Cholesterol, Total: 209 (borderline high)
Trigycerides: 79
HDL Cholesterol: 52
VLDL Cholesterol: 16
LDL Cholesterol: 141 (borderline high)
LDL/HDL Ratio: 2.7
---------------------------------------------------------

There were lots of other test results - but all thankfully solidly in the normal catagory. The tests they ran for medical geeks out there were (CMP14+LP+CBC/D/Plt) whatever that means.

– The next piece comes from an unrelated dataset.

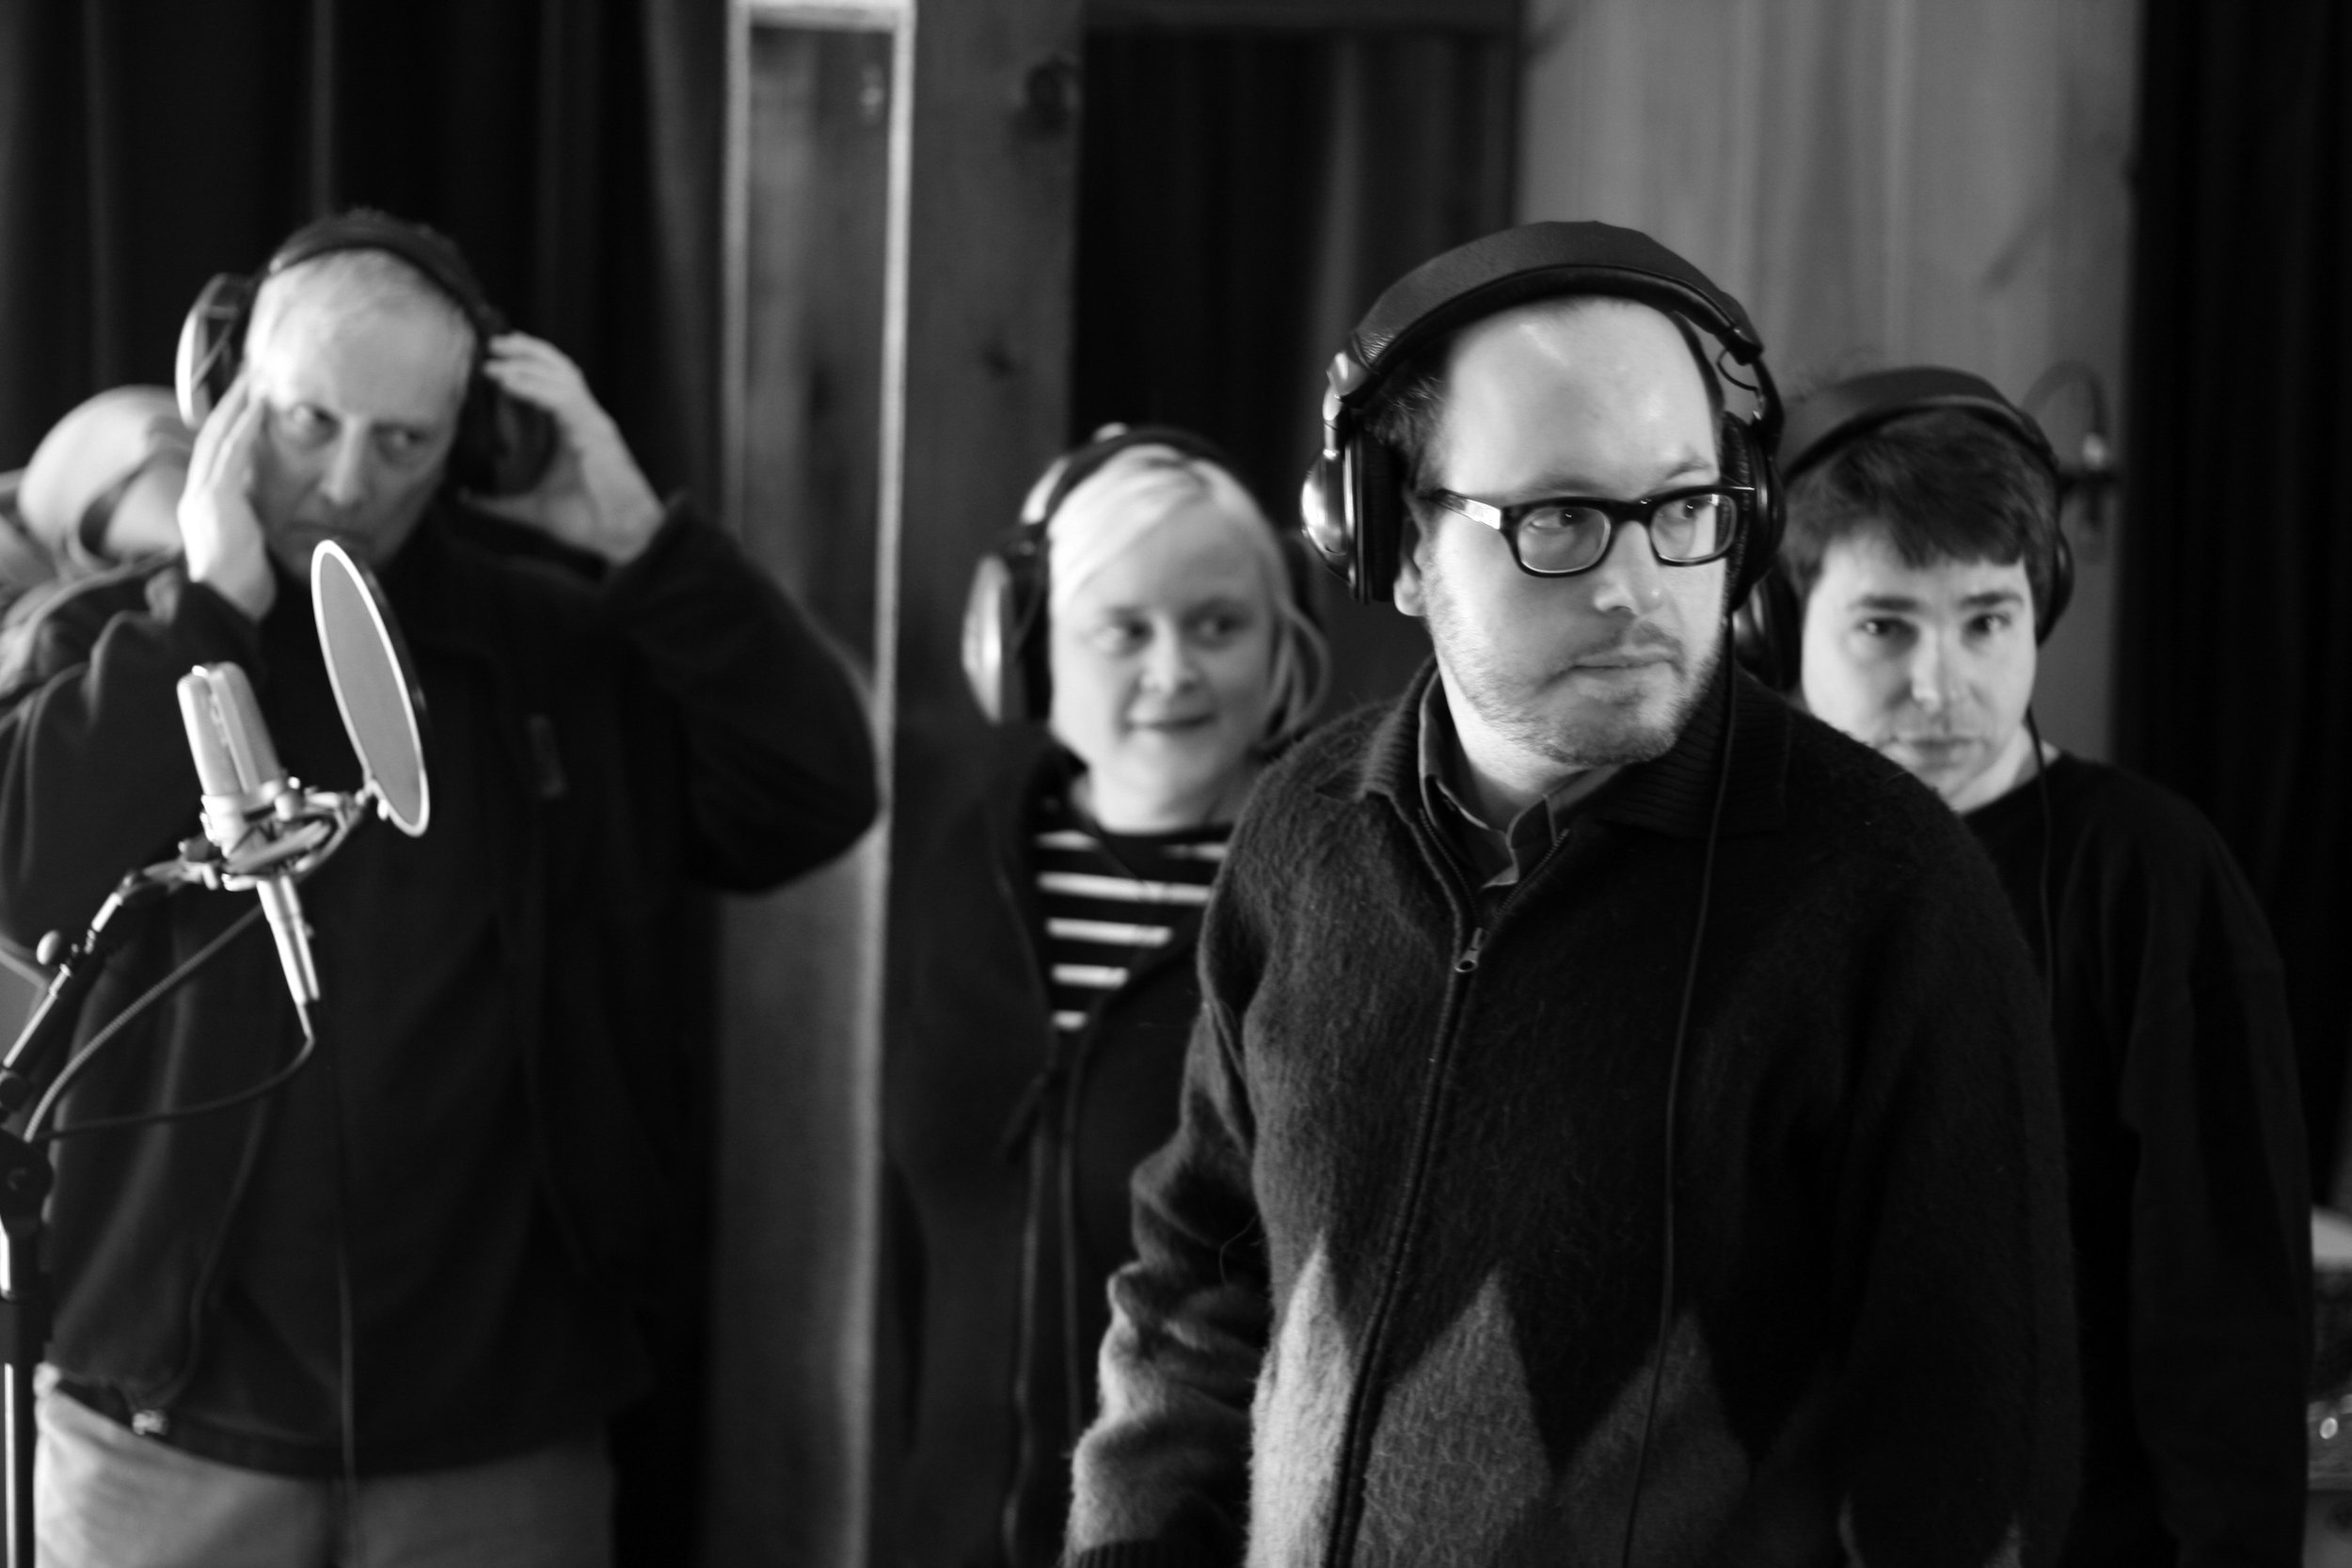   Doug Yule , “ Orange   Nichole” Ferree ,  Joel Mellin , &amp;  John Clarke  recording backing vocals for “Blue Eyes Brighton Bus Stop” at  Verdant Studios , 2008 
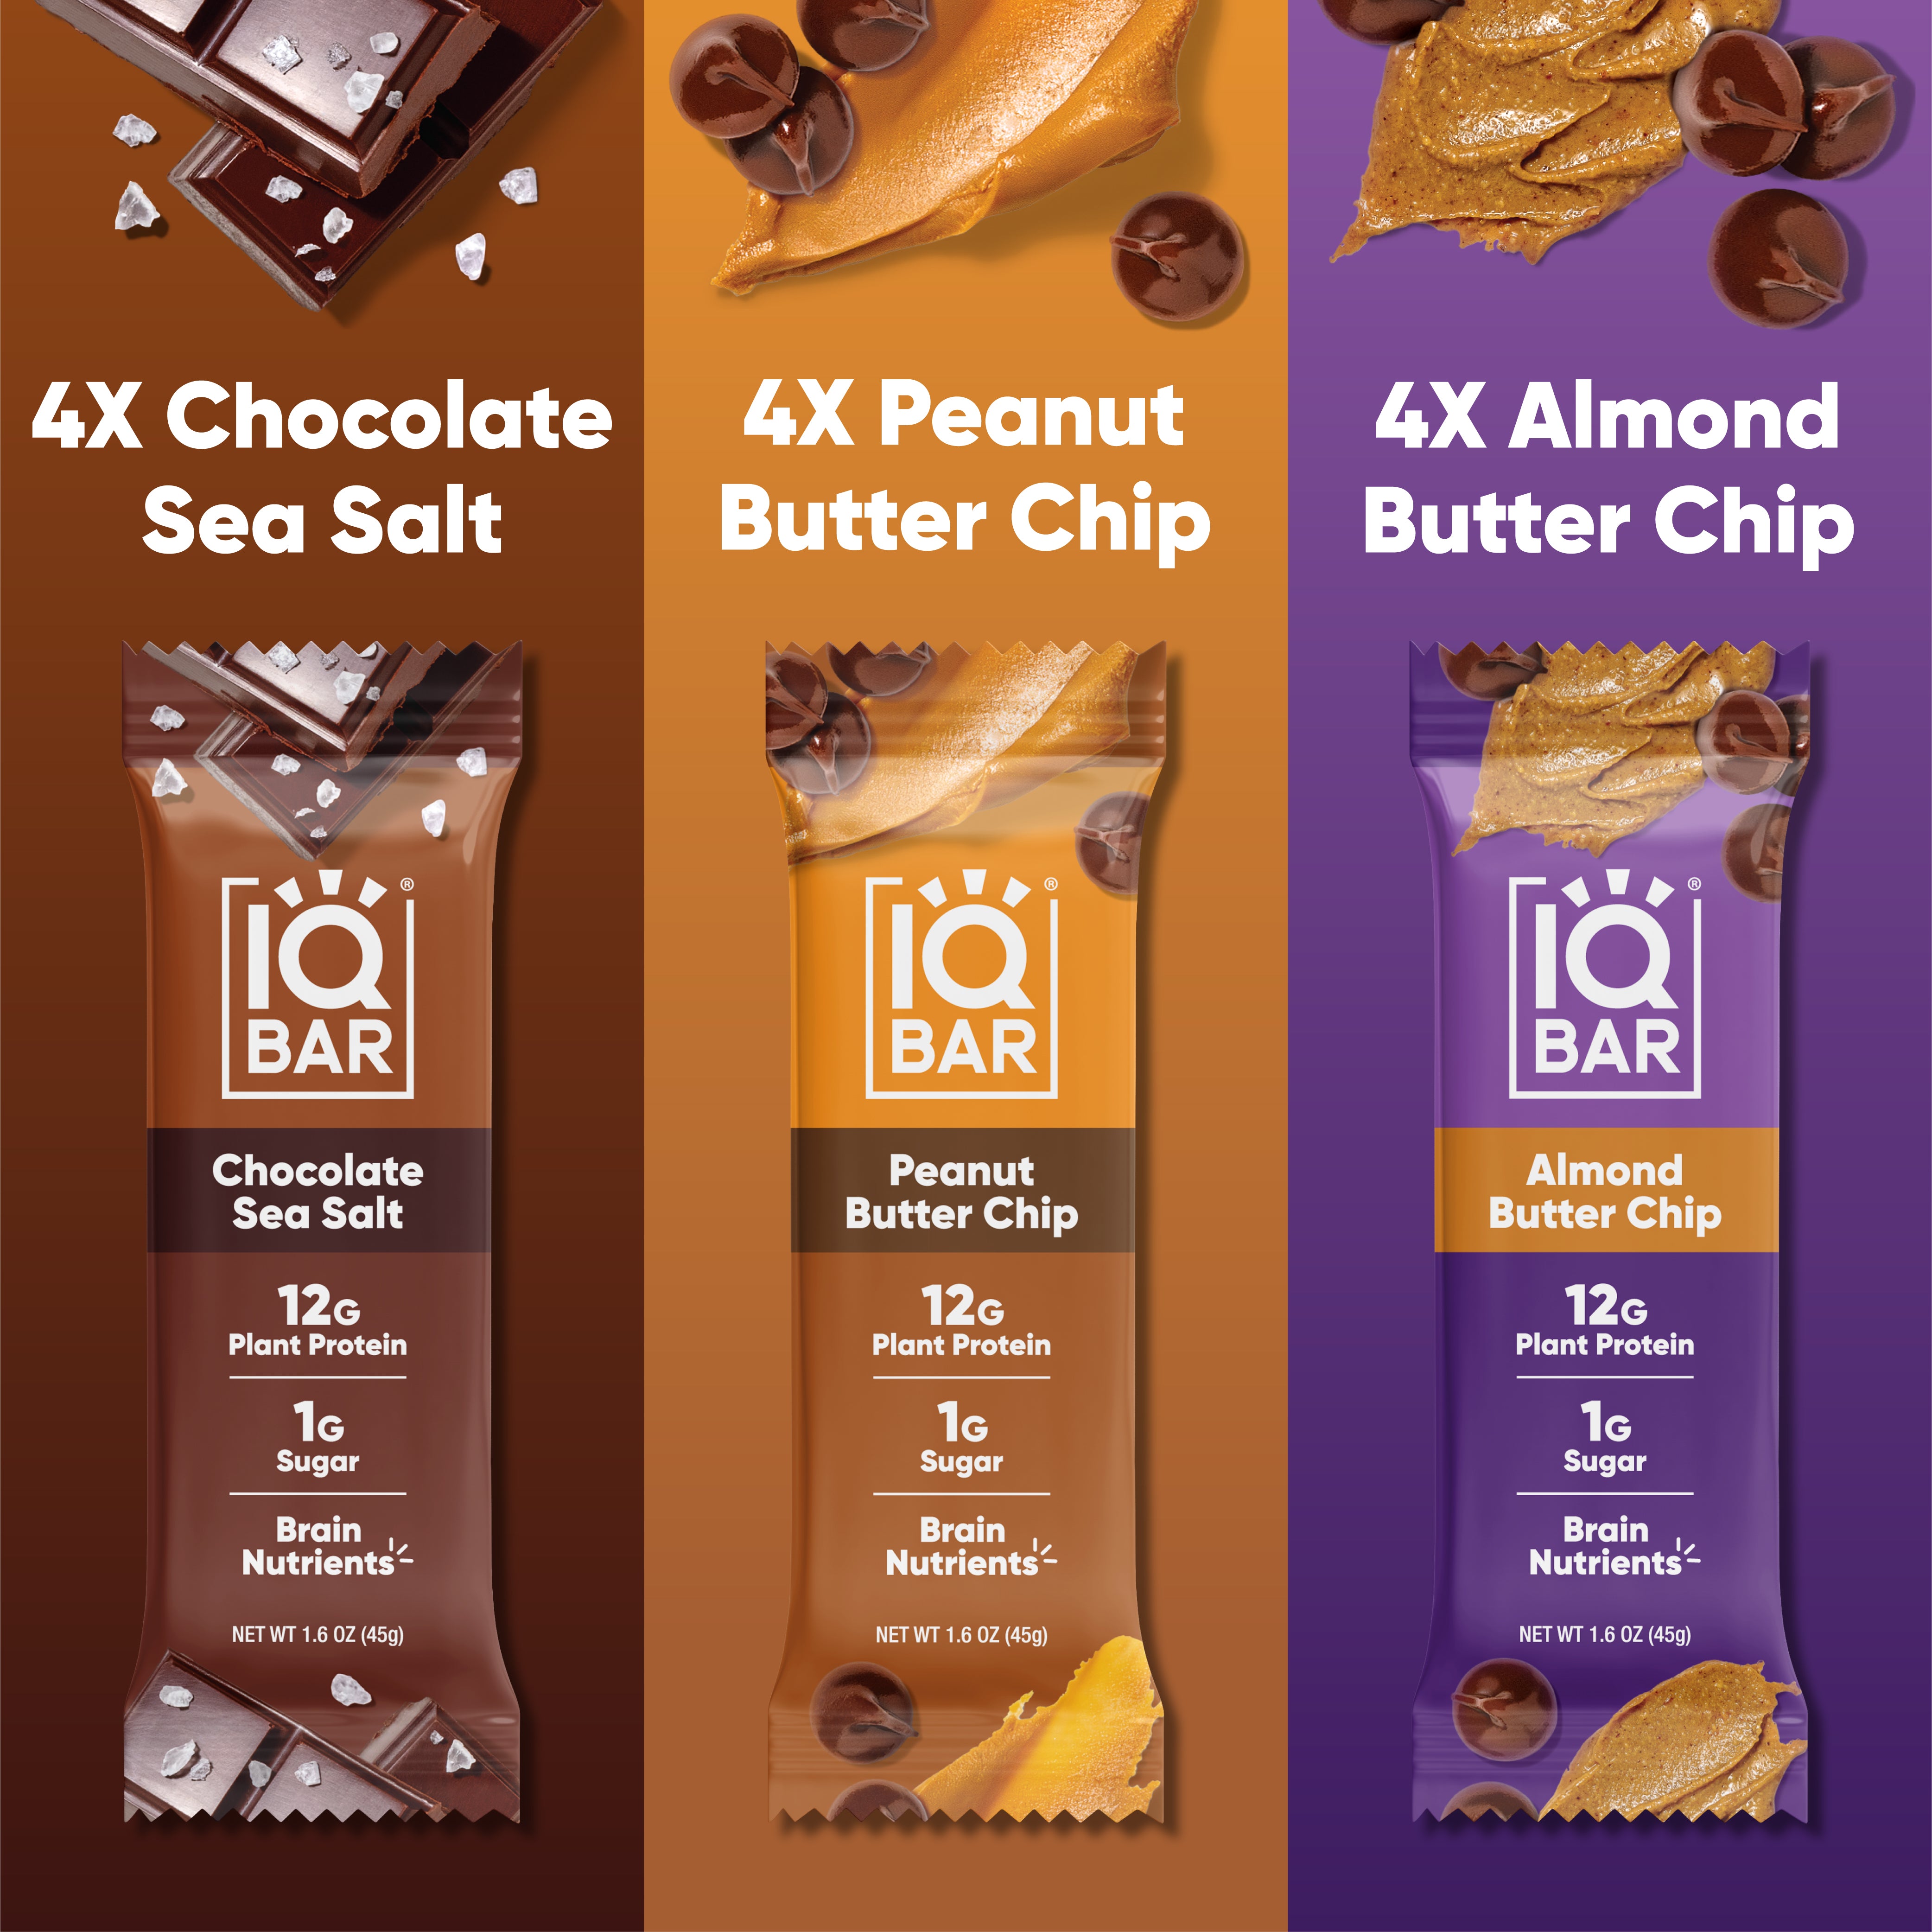 Chocolate Lovers Variety (12 Bars)

It was testing alot of stuff including kidney and liver function, Lipids, WBC/RBC, Sodium, Potassium, etc., etc.

Also, I took a look at my "Estimate of 10-Year Risk for Coronary Heart Disease Framingham Point Scores" today on the net, while trying to understand the test results. That also turned out pretty OK. You too can try that here:

http://www.nhlbi.nih.gov/guidelines/cholesterol/risk_tbl.htm#men

Also, this afternoon the family made a trip to the tiny little library in our small town. The non-fiction (non-kids) books line maybe a half dozen or slightly more rows of shelves, tops.

To my amazement, they had a fresh new hardcover copy of Gary Taubes new book: "Good Calories, Bad Calories" in stock. So I checked that puppy out in a heartbeat. Also a hard cover copy of "Protien Power" and "The Paleo Diet". I can't wait to read them all!! I started today reading the prolouge of Gary Taubes book, and it is awesomely awesome! Man, I'd like to slide back in time and thank these doctors and Mister Banting myself!! What a difference eating and living low carb has made in my life!!!